* SUPPLIED MATERIAL:
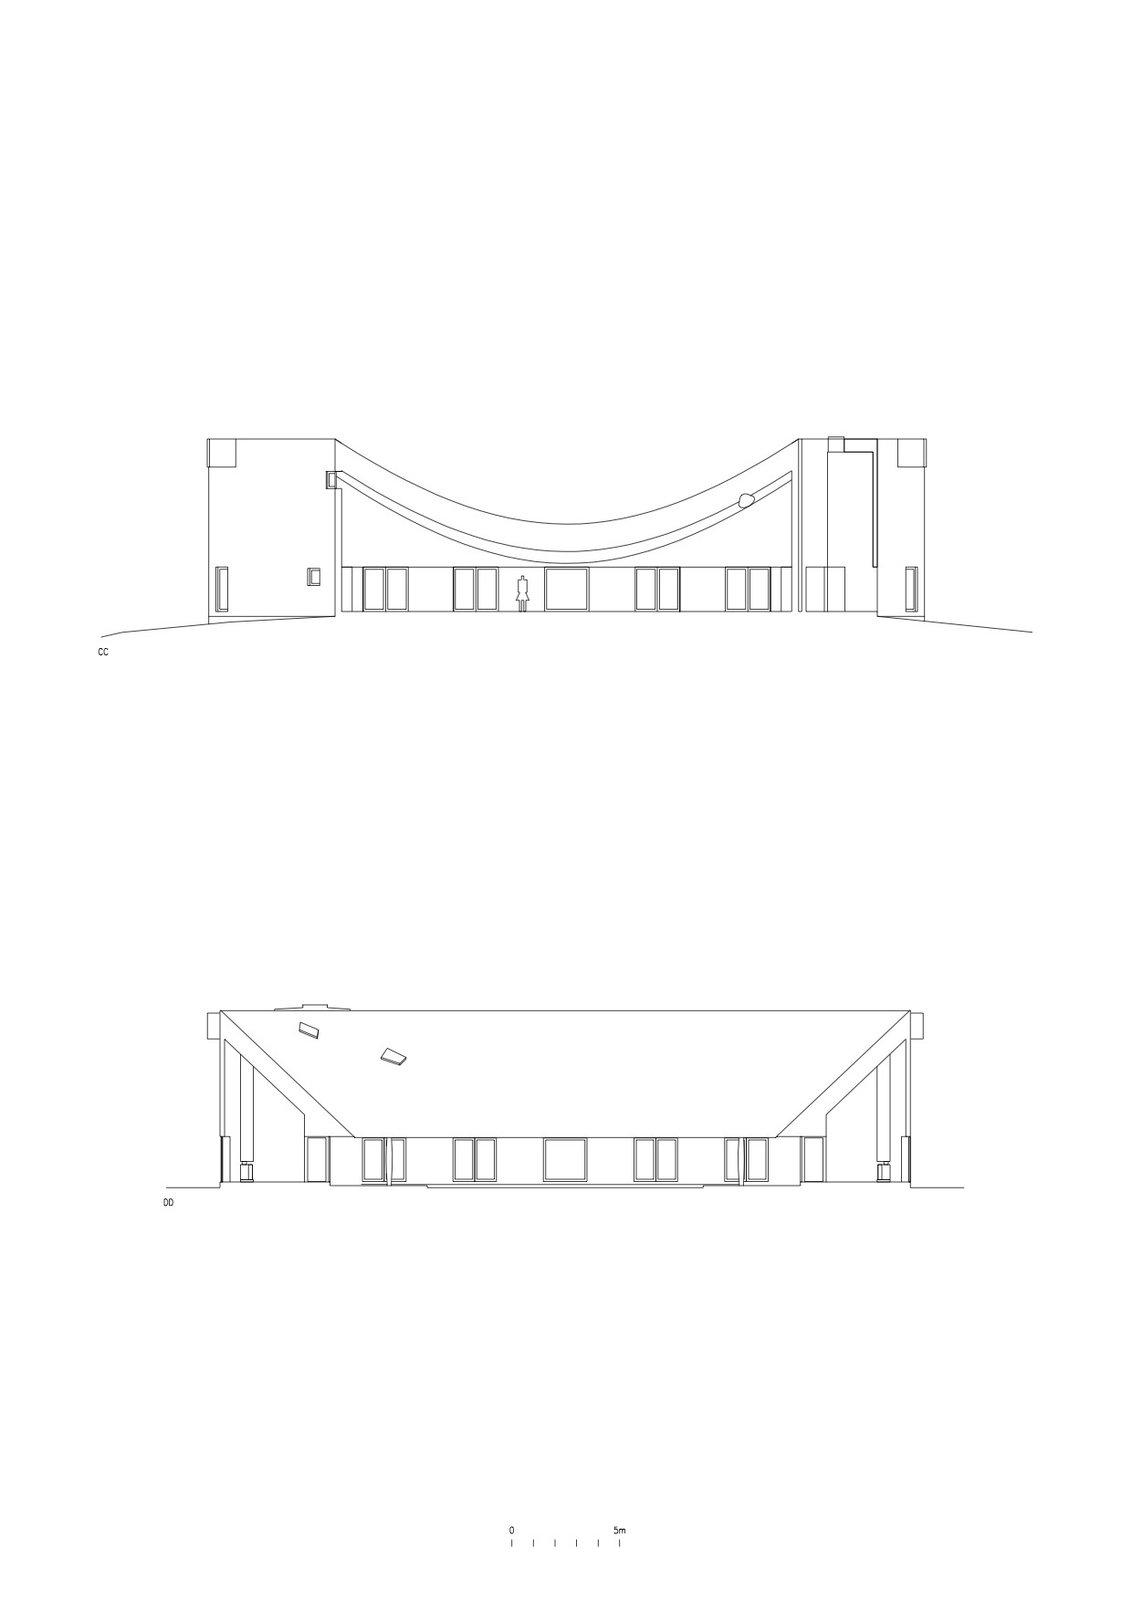 Cross section of Rode House by Pezo von Ellrichshausen Arquitectos.
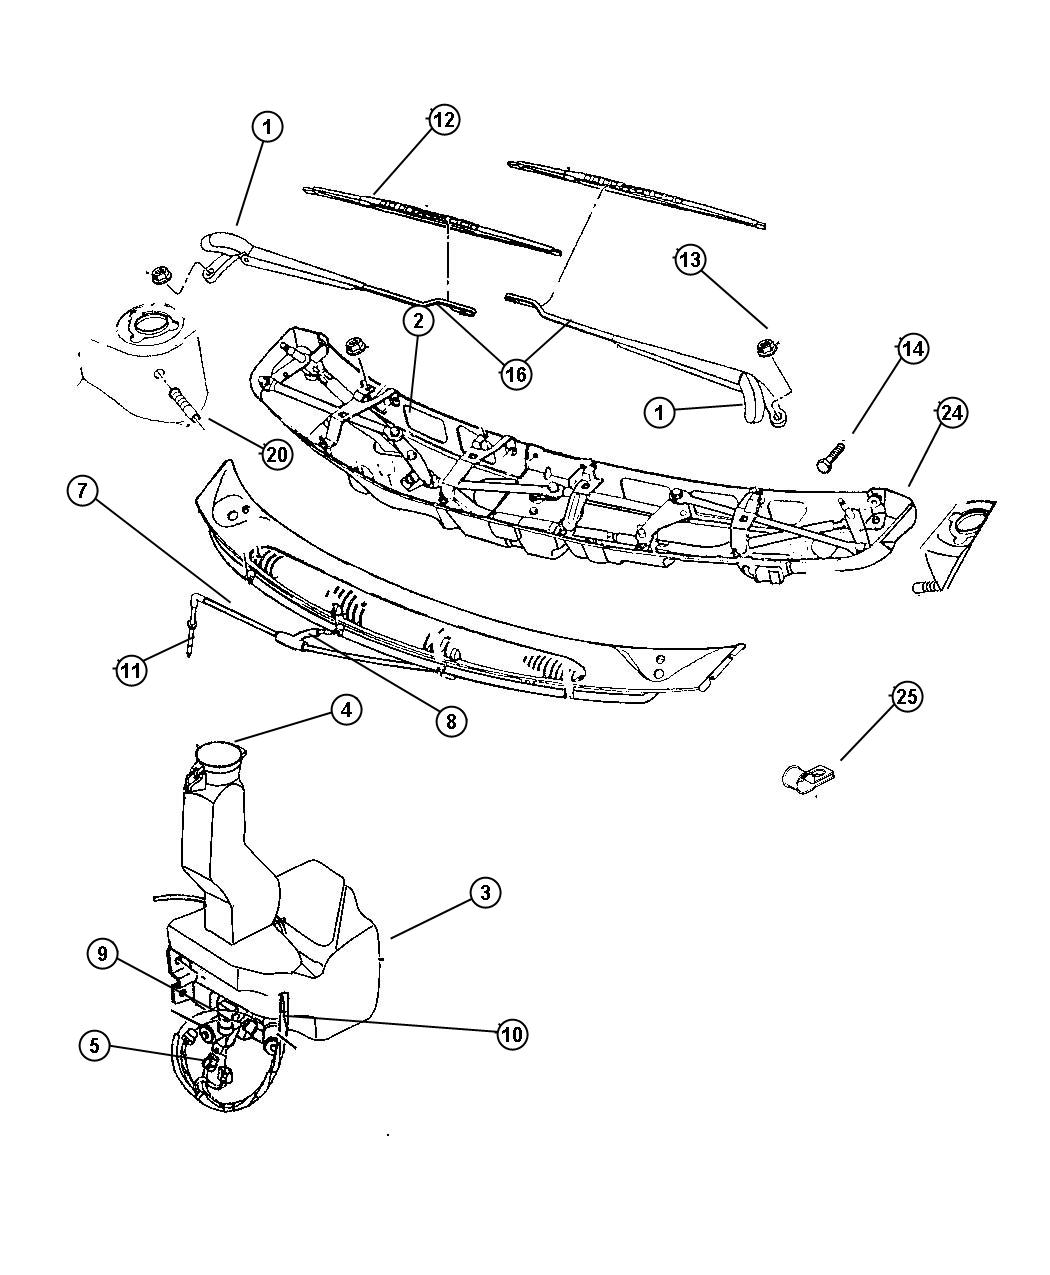 Dodge Ram Nozzle Washer Windshield Washer Wiper Body
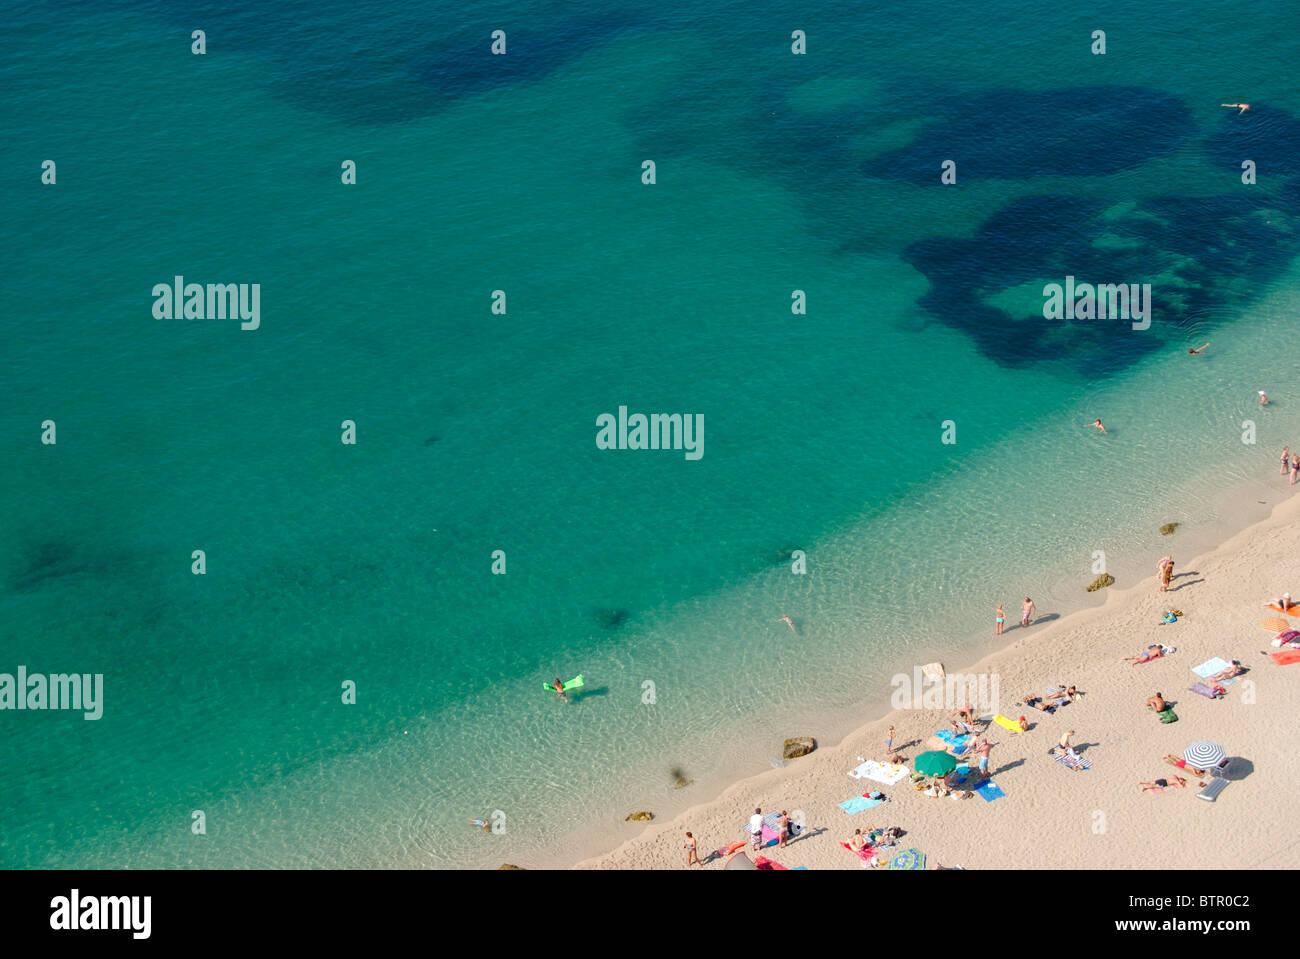 Frankreich, Villefranche-Sur-Mer, Blick über den Strand Stockfoto

* DIRECTIONS: Repeat the listing above exactly, omitting the pictures it contains.

* WRITTEN RESPONSE:
 Cross section of Rode House by Pezo von Ellrichshausen Arquitectos.
 Dodge Ram Nozzle Washer Windshield Washer Wiper Body
 Frankreich, Villefranche-Sur-Mer, Blick über den Strand Stockfoto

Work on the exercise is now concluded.